Пока Костя купался, кот преданно сидел на берегу, порой оборачивался по сторонам, а потом снова смотрел на середину реки. Когда хозяин надолго скрылся под водой, Муфусаил привстал, сосредоточенно посмотрел на опустевшую реку и заорал.

 

Дети окружили кошку, подтолкнули к ней котят и следили, как те поглощают молоко. Котята ели второй раз от роду. Первый, сразу по рождению, был за кроватью, рано поутру, когда хозяйка причитая и охая оттирала простыни за муськиными родами, а на суматоху и на запах уже спешил Муфусаил. Раздвинув маленьких котят, он присосался к свободной титьке, уверенный в своей правоте.
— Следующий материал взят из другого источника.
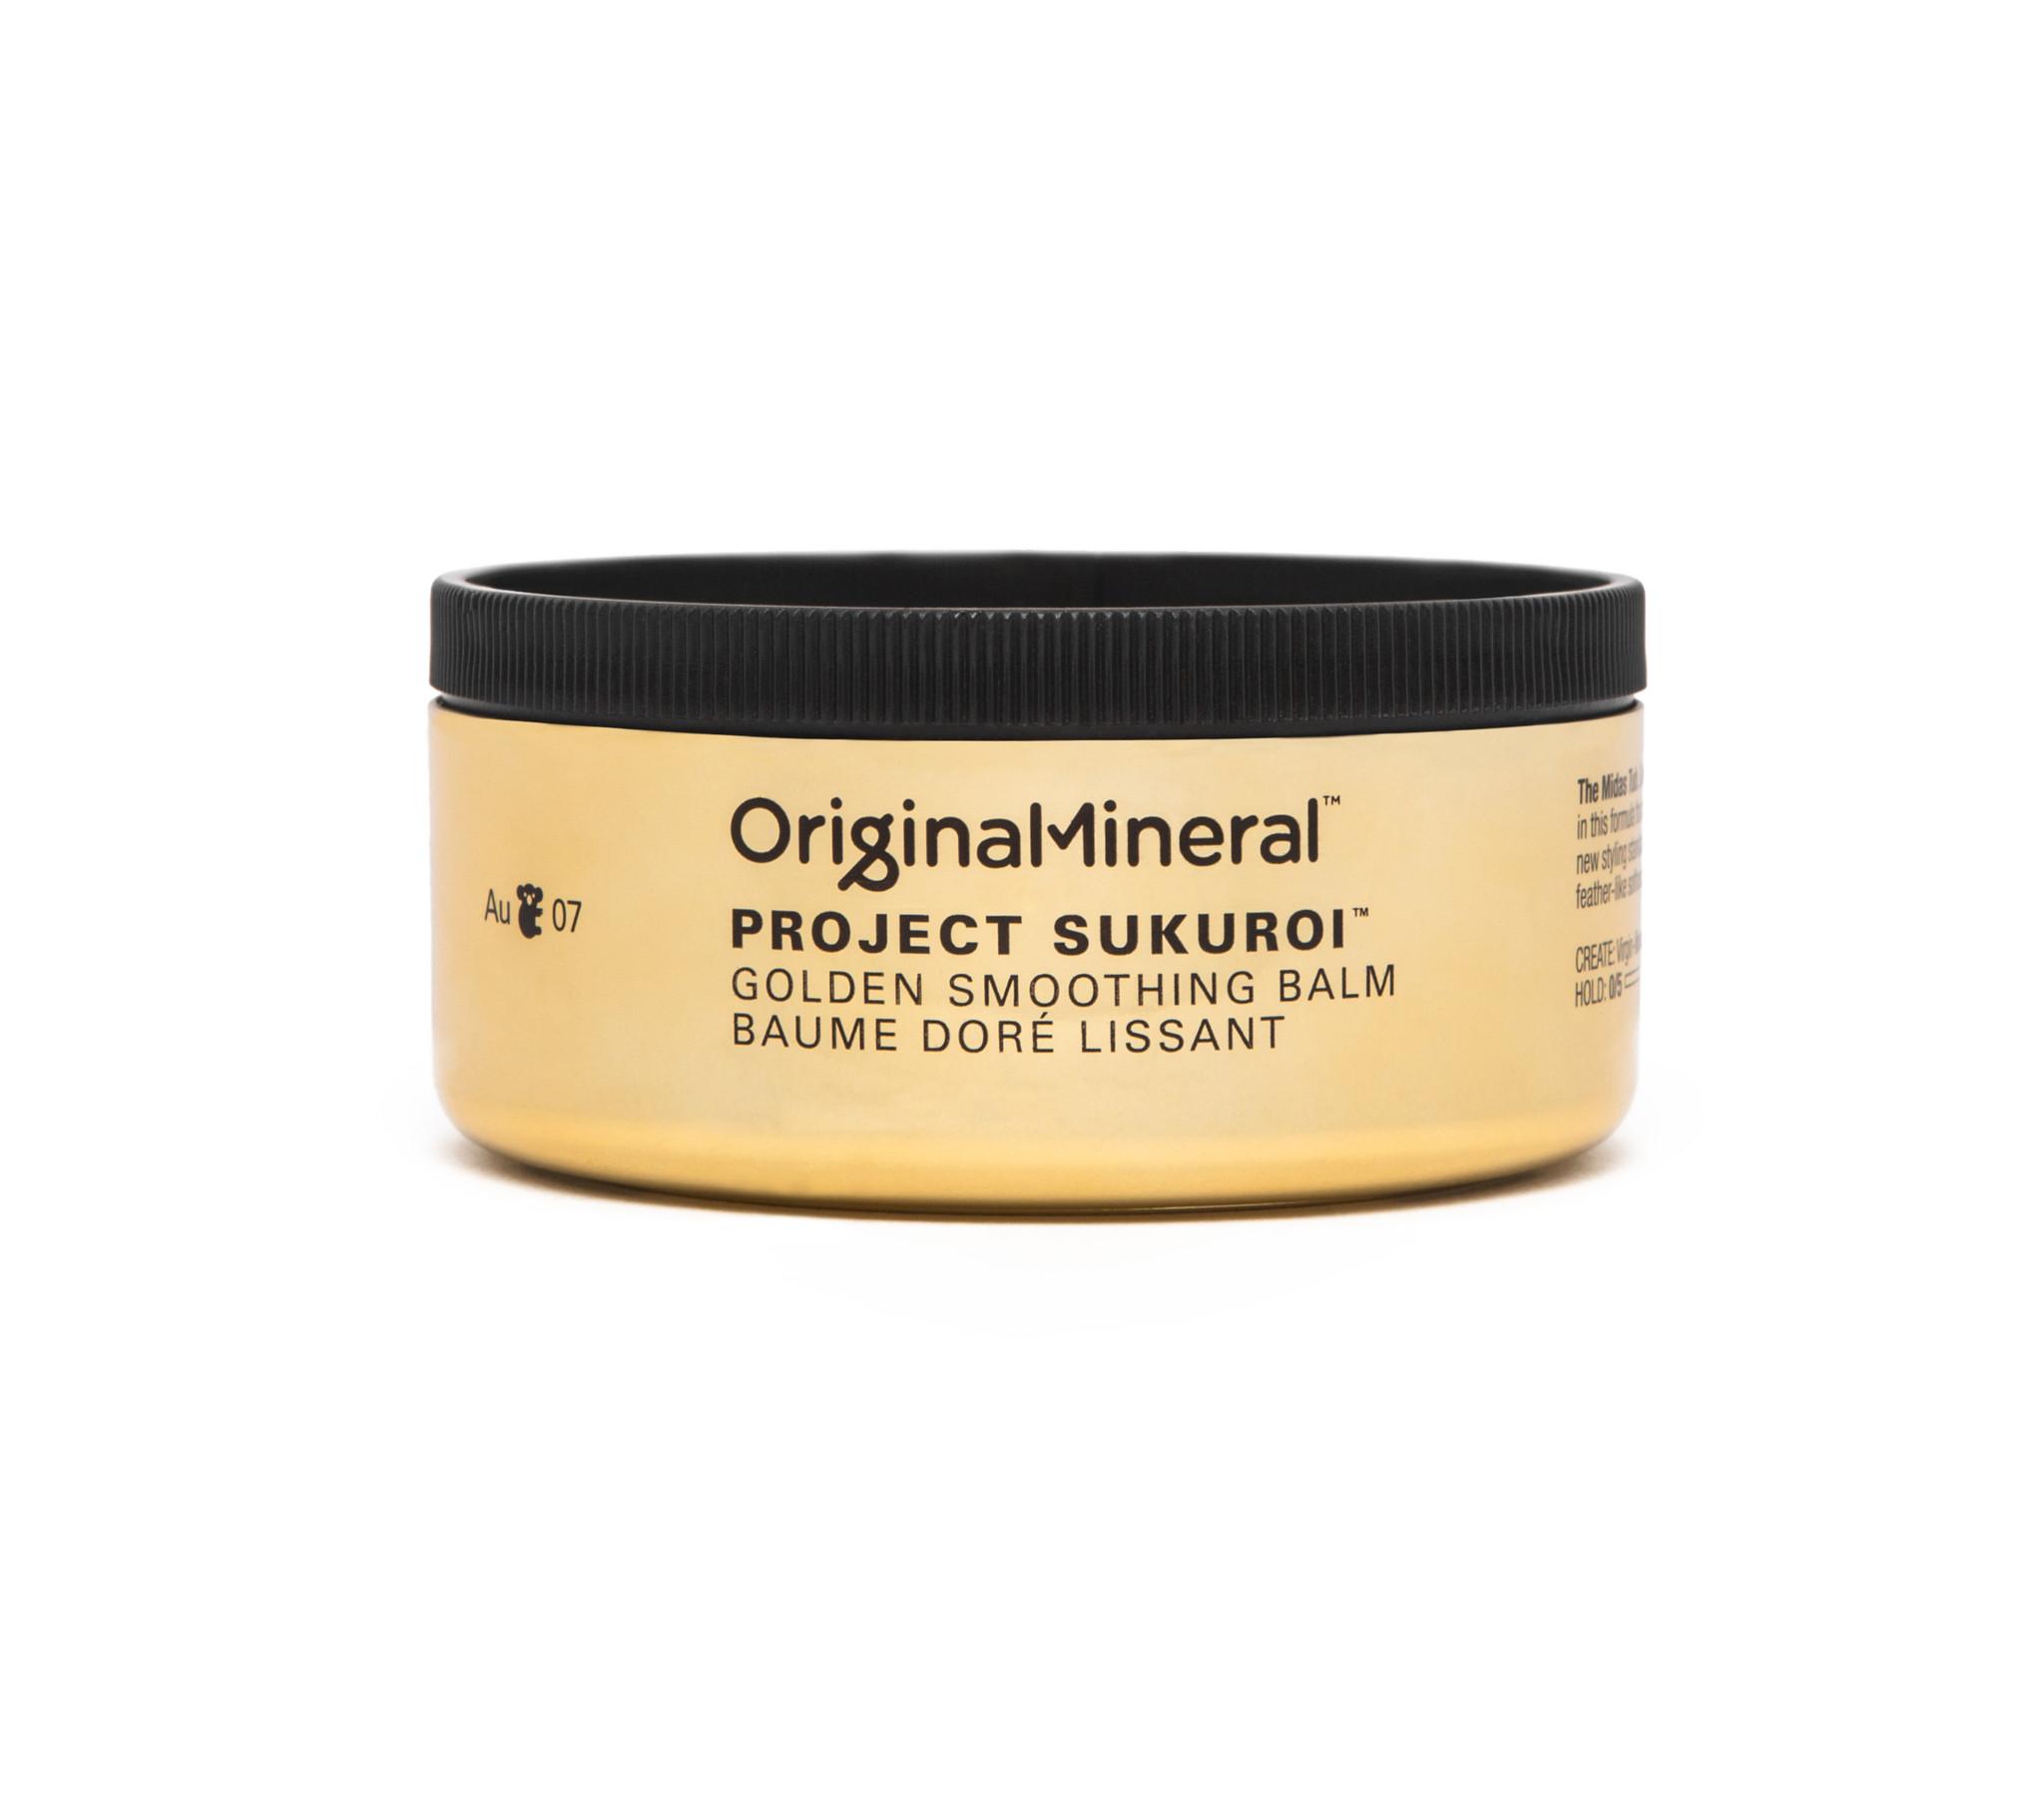 O&M - Original Mineral O&M Project Sukuroi Gold Smoothing Balm - Baume doré lissant - 100g

Но кошка встала и пошла к своей миске: старшенького уже нечего было кормить, а маленьких – она была уверена – утопят не сегодня – так завтра.

Теперь, когда Муфусаила в доме не было, а хозяйские дети смотрели пристально, Муська наконец-то отнеслась к котятам со всей прилежностью.

 

Когда течение потянуло Костю вниз, он сразу и не понял, что происходит. Уже под водой, на глубине, он задержал дыхание и пытался выплыть. Открыл глаза, пробовал всплыть к свету, но его волчком кружил водоворот, рывками прижимая ко дну. Казак было закричал, и в рот сразу забилась тина. Силы покинули, тело обмякло, и понесло его.

Муфусаил пришёл домой не сразу. Безуспешно поцарапался в толстую дверь, потом терпеливо сел на пороге. Когда вышел покурить дедушка, кот наконец-то ворвался в дом. Увидев его, Любка обеспокоилась: чего это он.

Но панику подняли только вечером.

 

Поп сразу сказал: без тела он никого отпевать не будет: не положено.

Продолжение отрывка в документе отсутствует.